- Relator(a)
- Ministro Joel Ilan Paciornik
- Órgão julgador
- Quinta Turma
- Data do julgamento
- 03/05/2016
- Data de publicação
- 11/05/2016
STJ – Acórdão, Rel. Ministro Joel Ilan Paciornik, Quinta Turma, j. 03/05/2016, p. 11/05/2016
RECURSO EM HABEAS CORPUS. AUSÊNCIA DE PREJUDICIALIDADE. SUPERVENIÊNCIA DE SENTENÇA CONDENATÓRIA QUE NÃO AGREGA FUNDAMENTOS AO DECRETO PRISIONAL. TRÁFICO ILÍCITO DE ENTORPECENTES. REVOGAÇÃO DA PRISÃO PREVENTIVA. IMPOSSIBILIDADE. FUNDAMENTAÇÃO IDÔNEA. QUANTIDADE E NOCIVIDADE DA DROGA. HISTÓRICO CRIMINAL DO AGENTE. GARANTIA DA ORDEM PÚBLICA. PERICULOSIDADE CONCRETA DO RECORRENTE. RECURSO DESPROVIDO. 1. Esta Quinta Turma possui firme entendimento no sentido de que a manutenção da custódia cautelar por ocasião de sentença condenatória superveniente não possui o condão de tornar prejudicado o writ em que se busca sua revogação, quando não agregados novos e diversos fundamentos ao decreto prisional primitivo. Precedente. In casu, o juízo sentenciante manteve a custódia cautelar sem apresentar fundamentos diversos daqueles adotados no decreto prisional, o que autoriza o processamento do presente recurso. 2. Considerando a natureza excepcional da prisão preventiva, somente se verifica a possibilidade da sua imposição quando evidenciado, de forma fundamentada e com base em dados concretos, o preenchimento dos pressupostos e requisitos previstos no art. 312 do Código de Processo Penal - CPP. Deve, ainda, ser mantida a prisão antecipada apenas quando não for possível a aplicação de medida cautelar diversa, nos termos do previsto no art. 319 do CPP. Na hipótese dos autos, verifico estarem presentes elementos concretos a justificar a imposição da segregação antecipada. As instâncias ordinárias, soberanas na análise dos fatos, entenderam que restou demonstrada a periculosidade concreta do recorrente, evidenciada pelo modus operandi do delito, pelo seu histórico criminal - responde por outros processos criminais, inclusive por delito desta mesma natureza, estando em gozo de liberdade provisória por ocasião da prisão em flagrante -, bem como pela quantidade e nocividade da droga com ele encontrada - 19 pedras de crack.
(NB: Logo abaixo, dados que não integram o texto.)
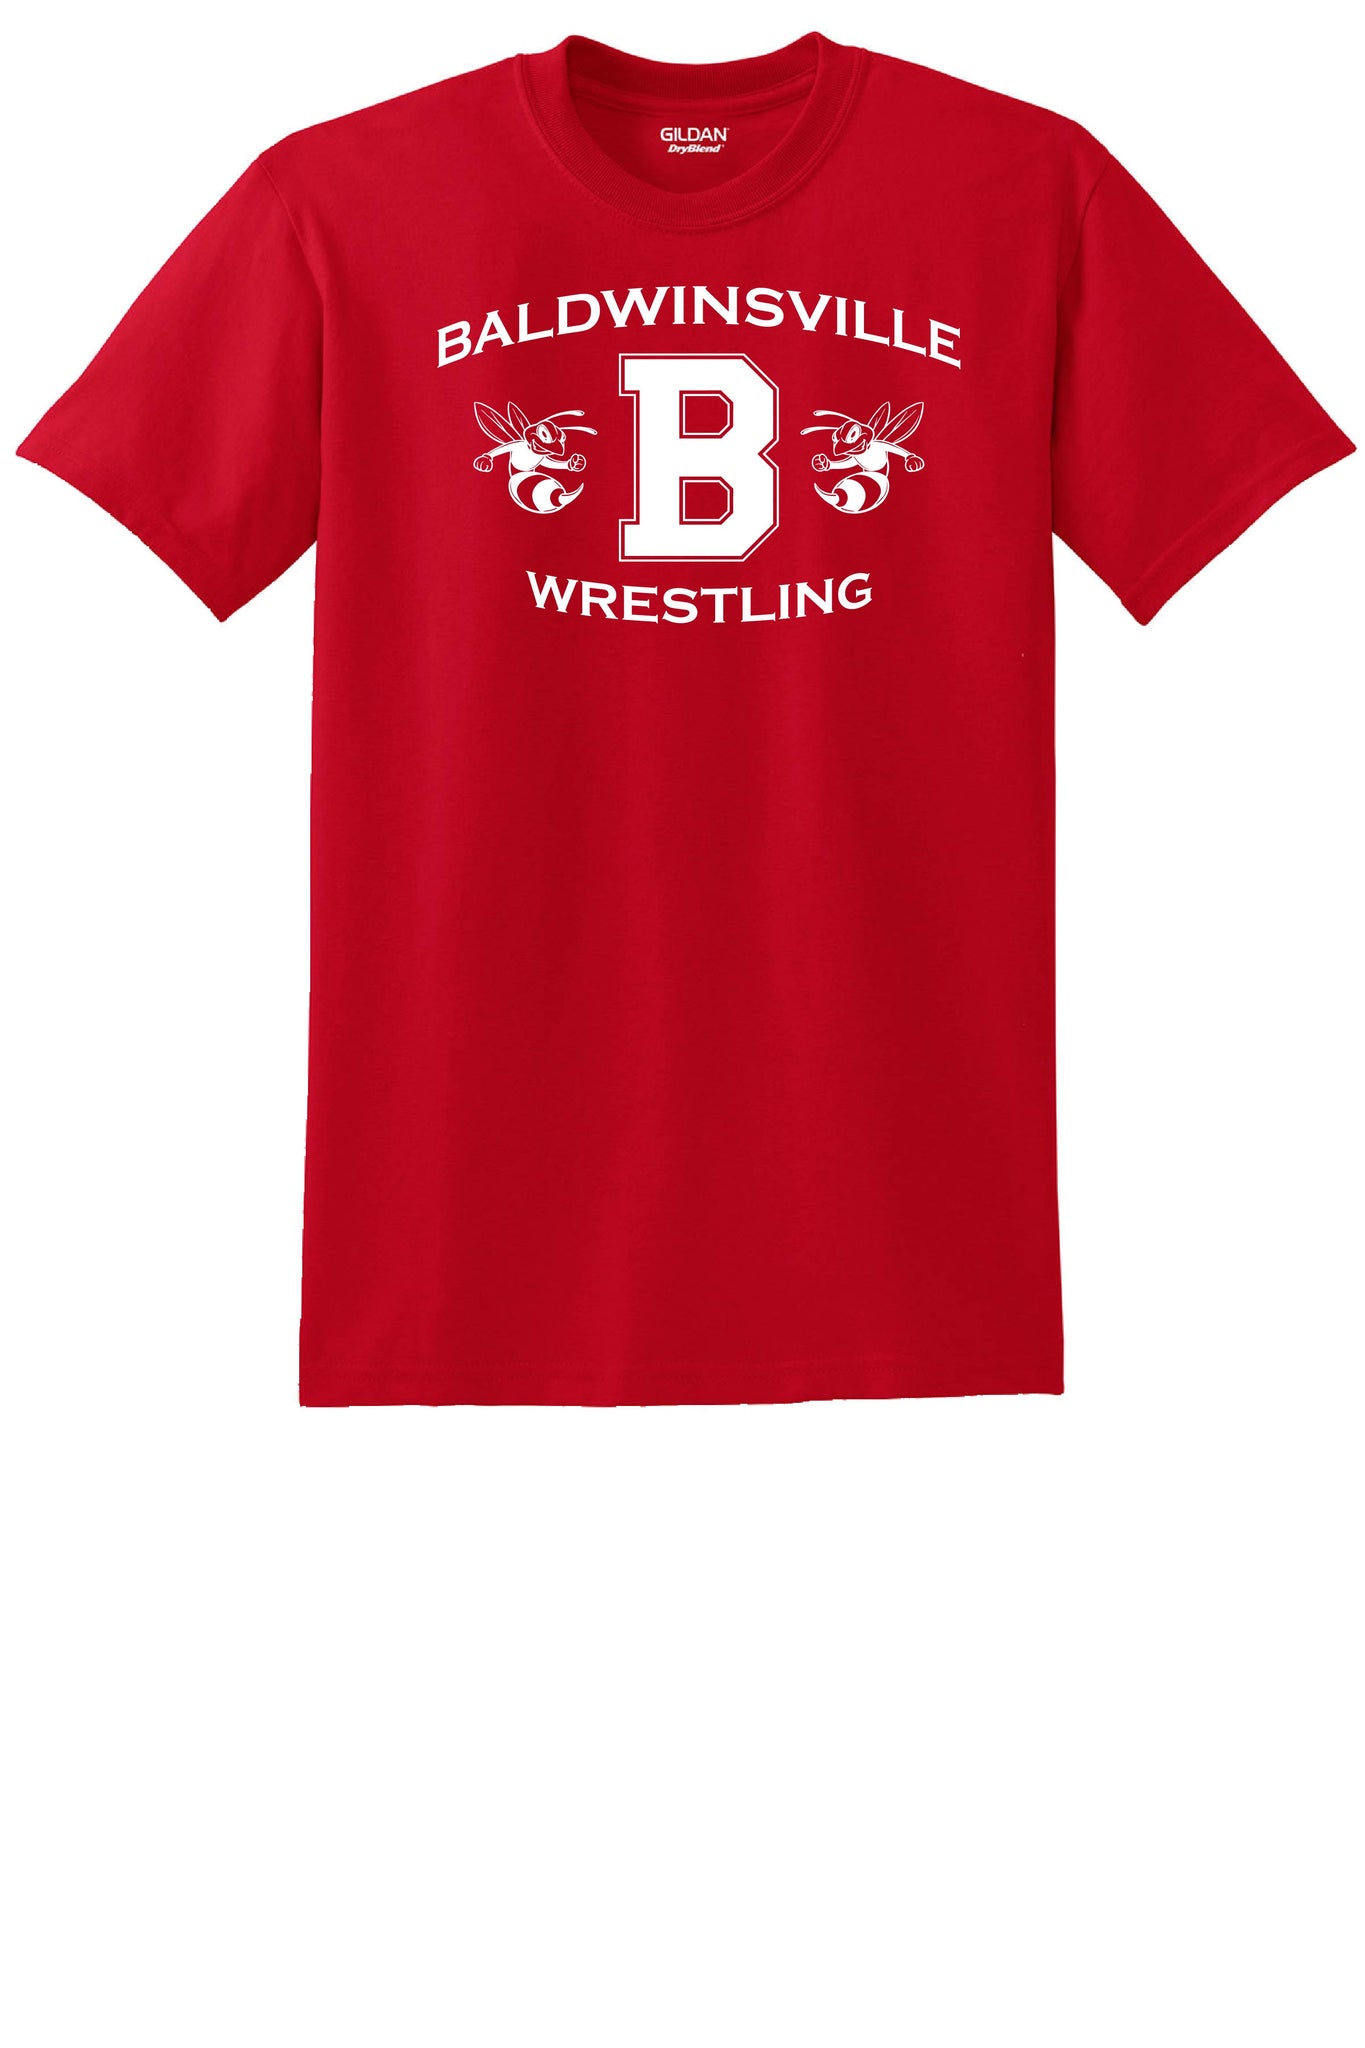 Gildan Short Sleeve T-Shirt - Baldwinsville Wrestling - Red

Forçoso, portanto, concluir que a prisão processual está devidamente fundamentada na necessidade de garantir a ordem pública, não havendo falar, portanto, em existência de evidente flagrante ilegalidade. Recurso em habeas corpus desprovido. (RHC n. 67.428/PI, relator Ministro Joel Ilan Paciornik, Quinta Turma, julgado em 3/5/2016, DJe de 11/5/2016.)